### BRIEF
Each line below is to be copied exactly; images do not go into the copy.

### DATA SHOWN
....
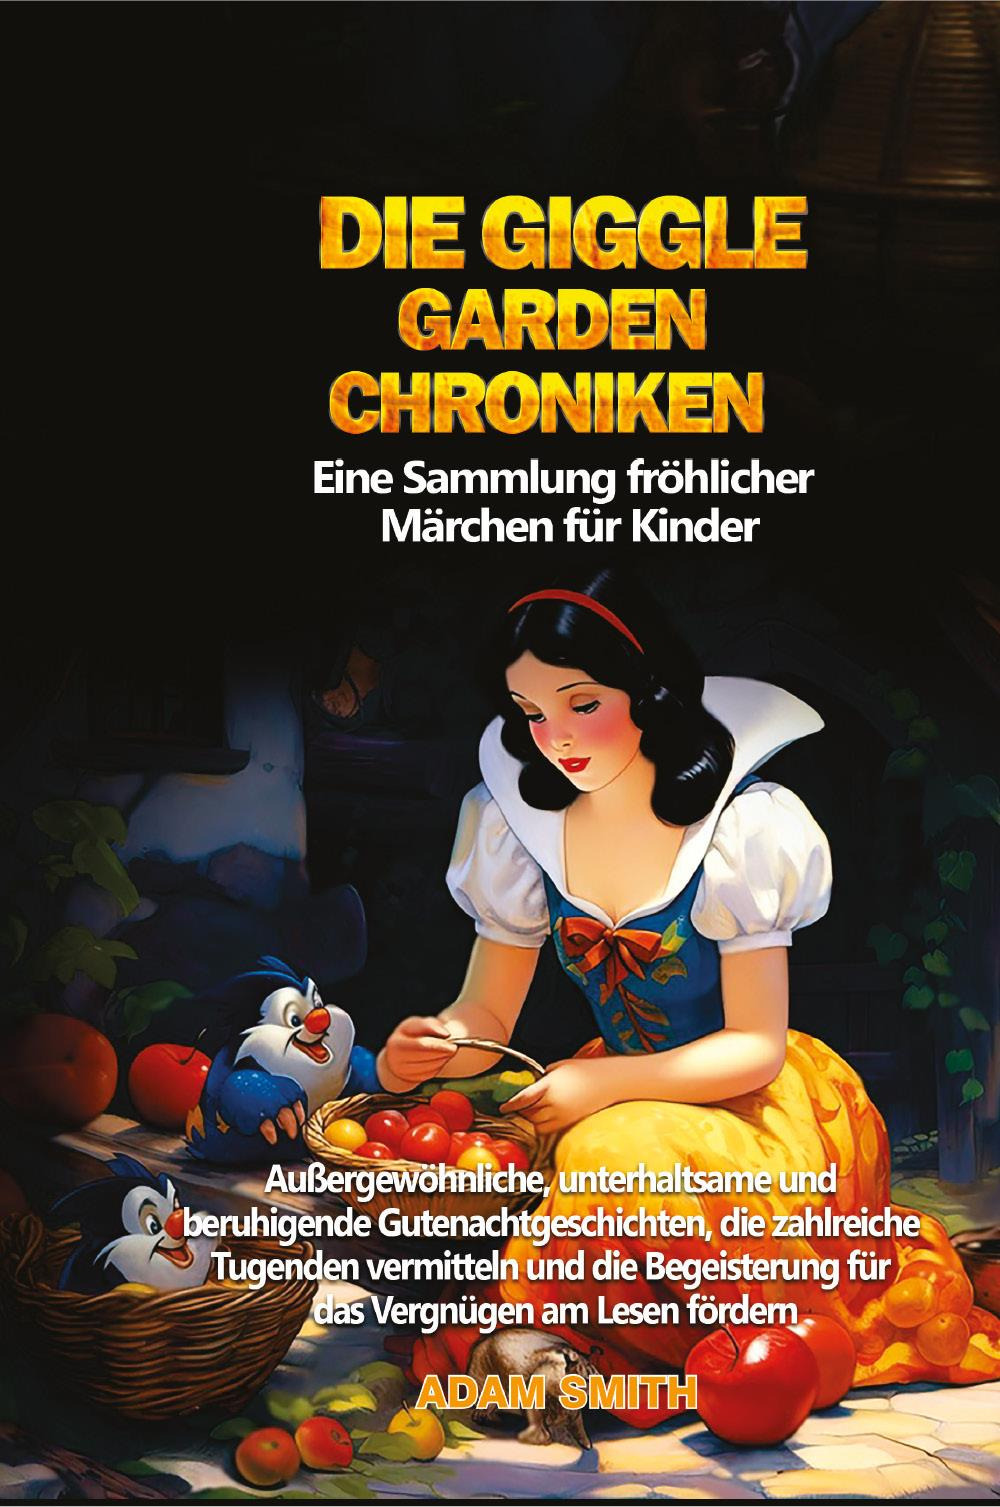 Die giggle garden-chroniken. Eine Sammlung fröhlicher Märchen für Kinder
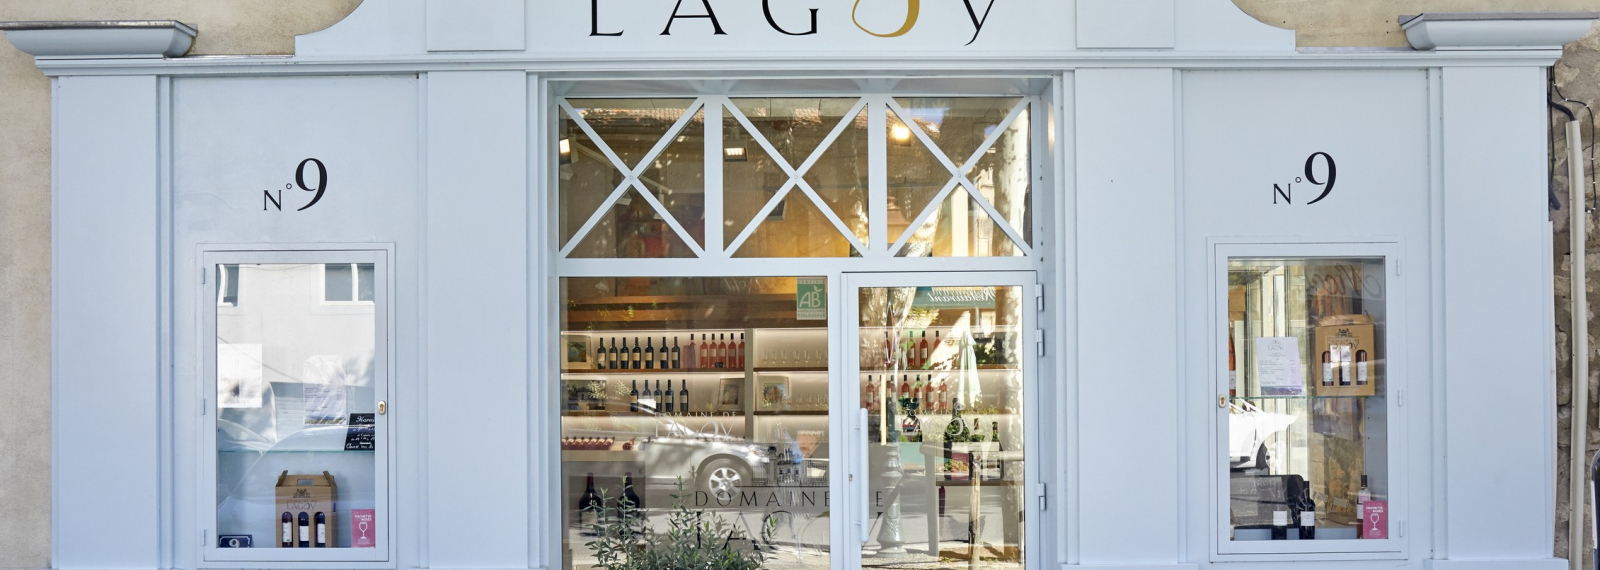 La boutique du Domaine de Lagoy
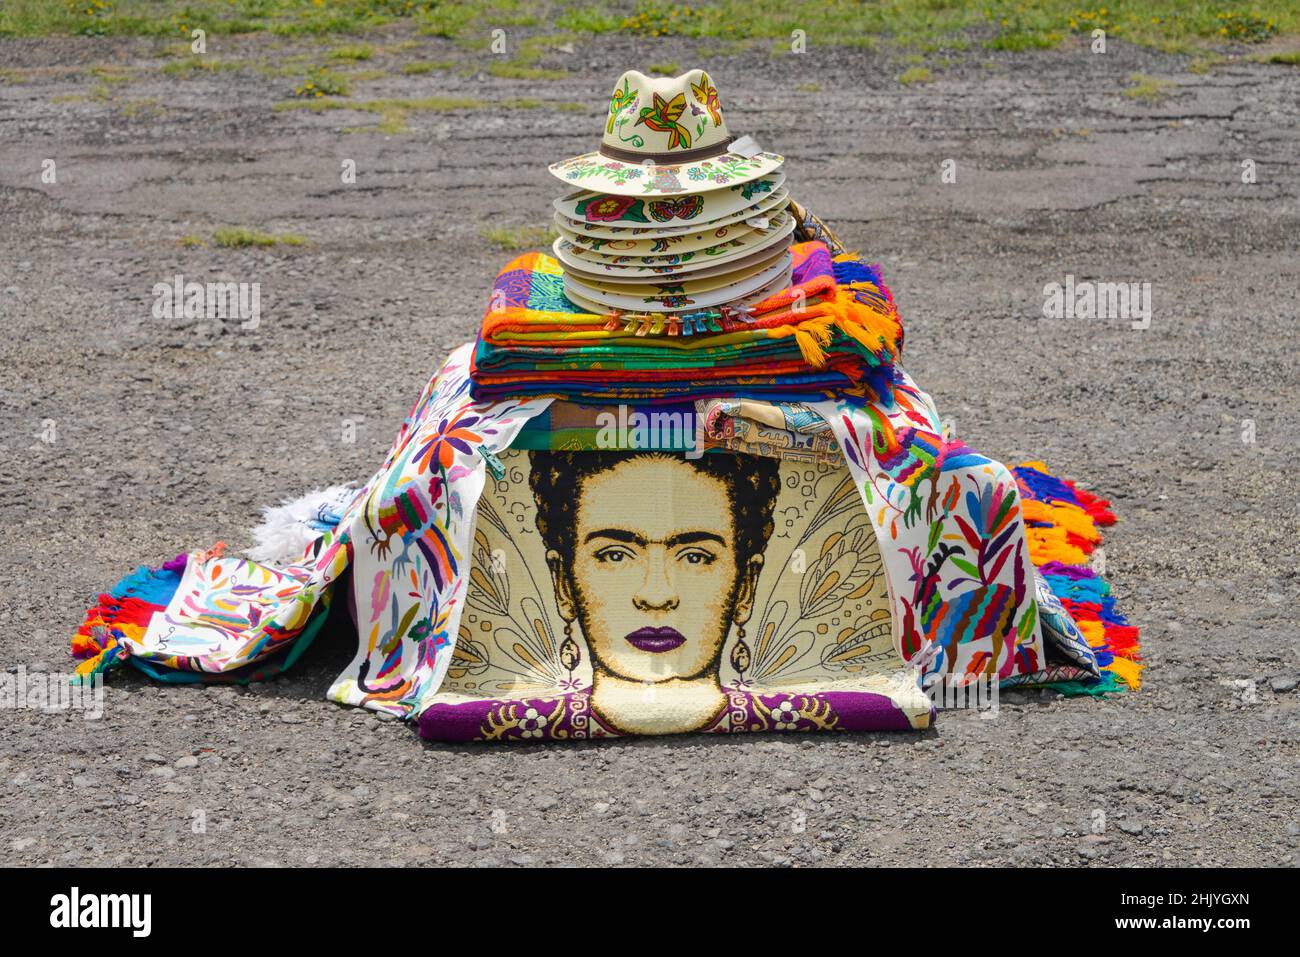 Andenkenverkauf, Ruinenstadt Teotihuacan, Mexiko Foto Stock
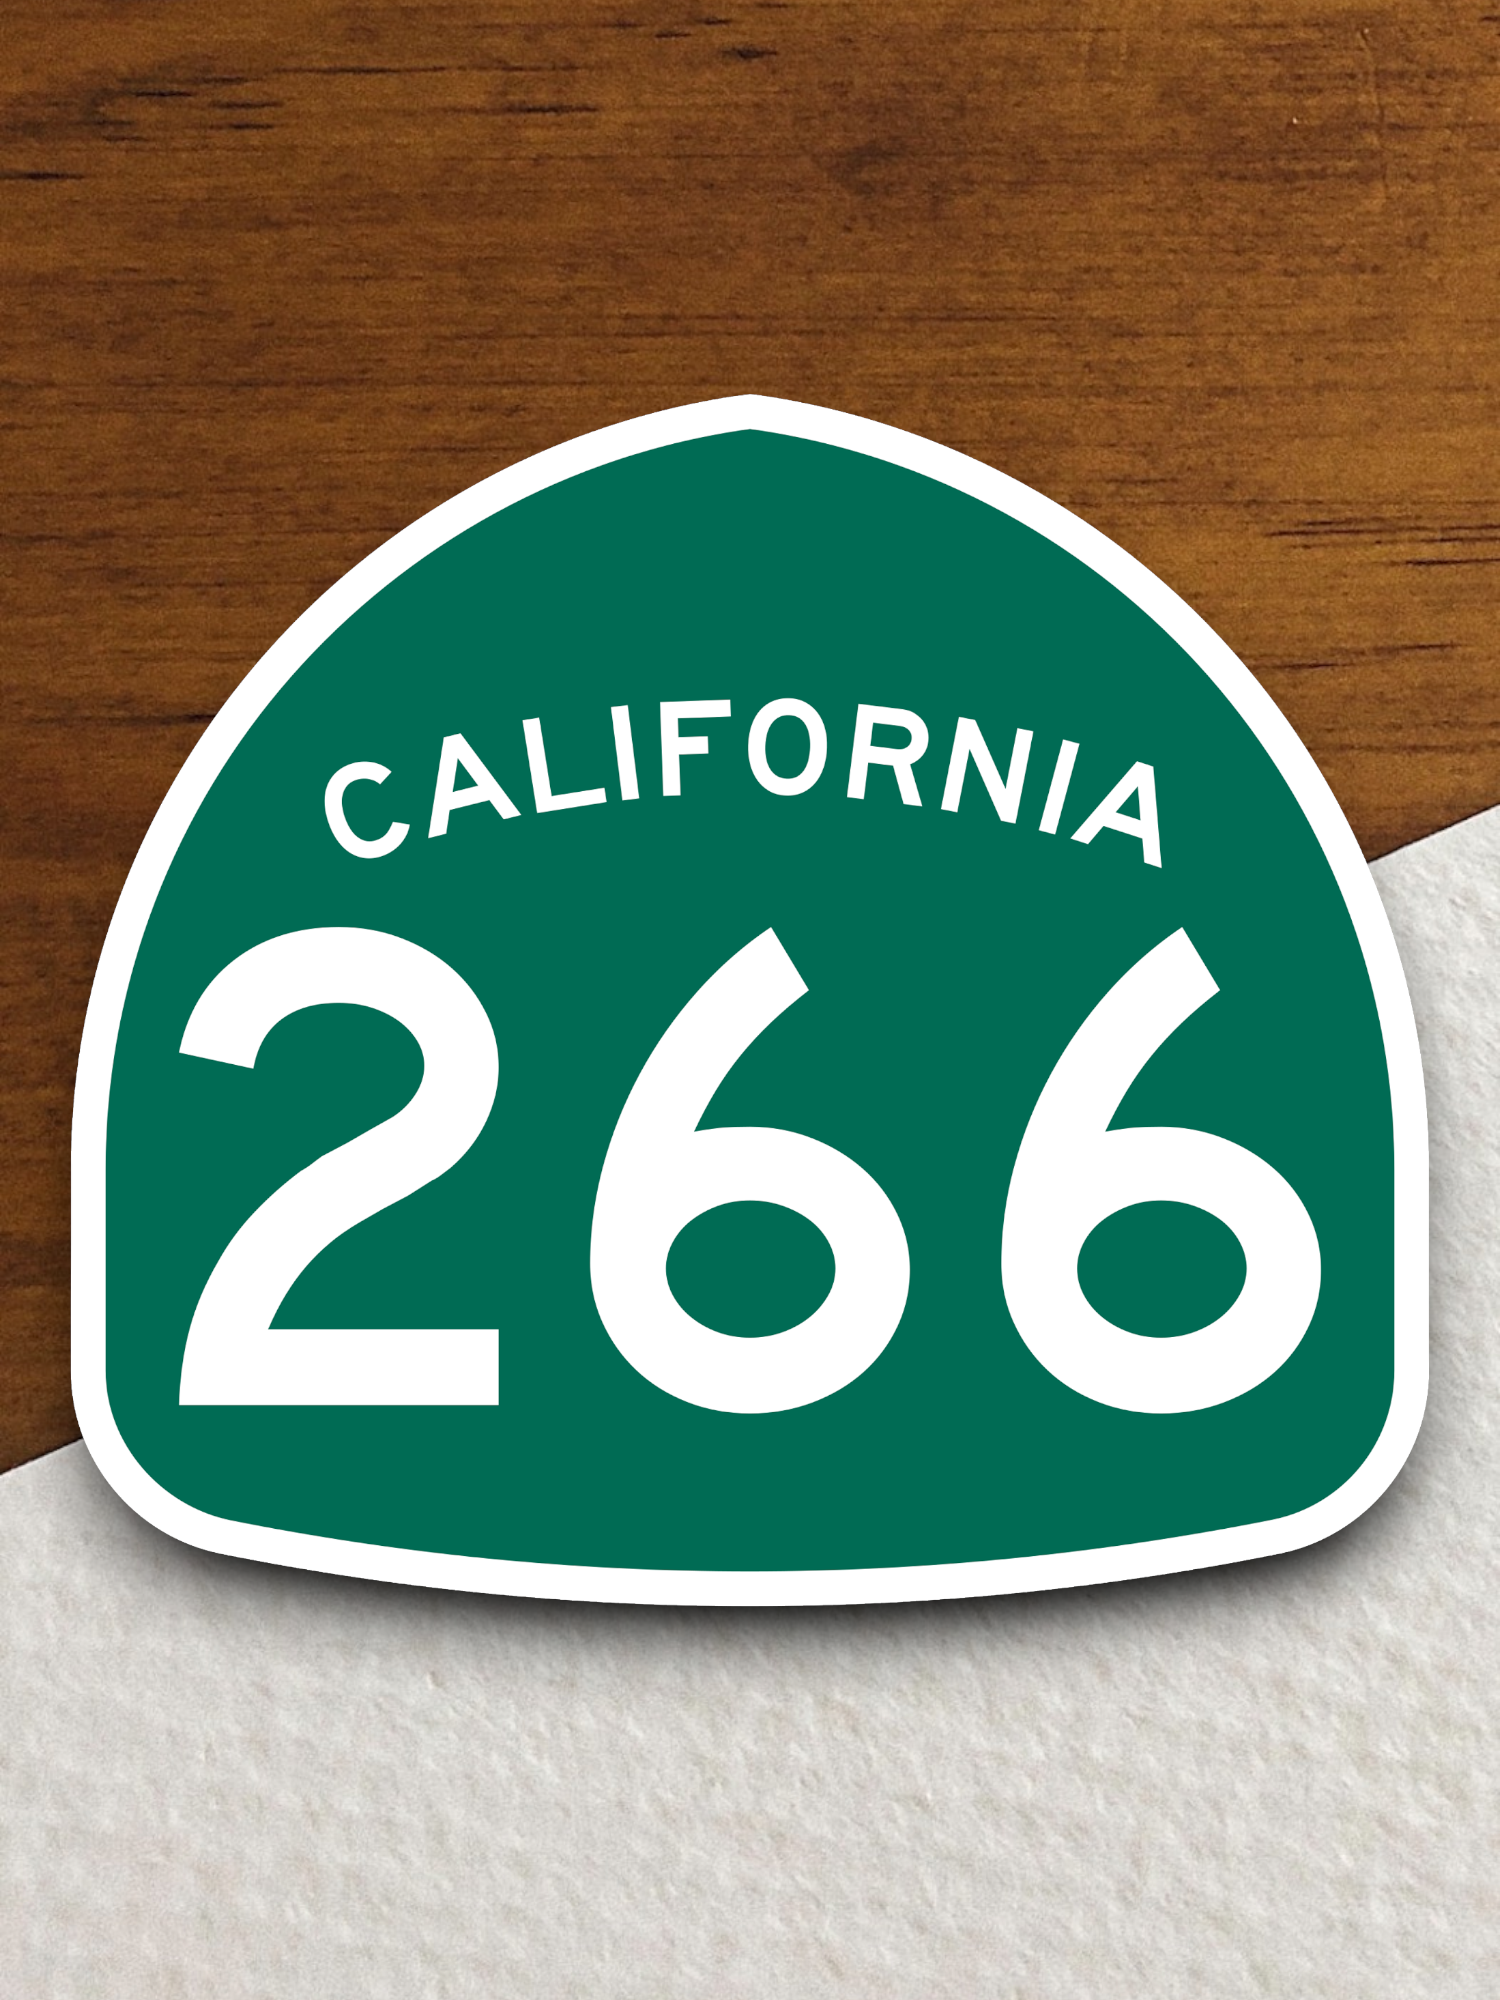 California State Route 266 Sticker
....
### TASK RESULT
 Die giggle garden-chroniken. Eine Sammlung fröhlicher Märchen für Kinder
 La boutique du Domaine de Lagoy
 Andenkenverkauf, Ruinenstadt Teotihuacan, Mexiko Foto Stock
 California State Route 266 Sticker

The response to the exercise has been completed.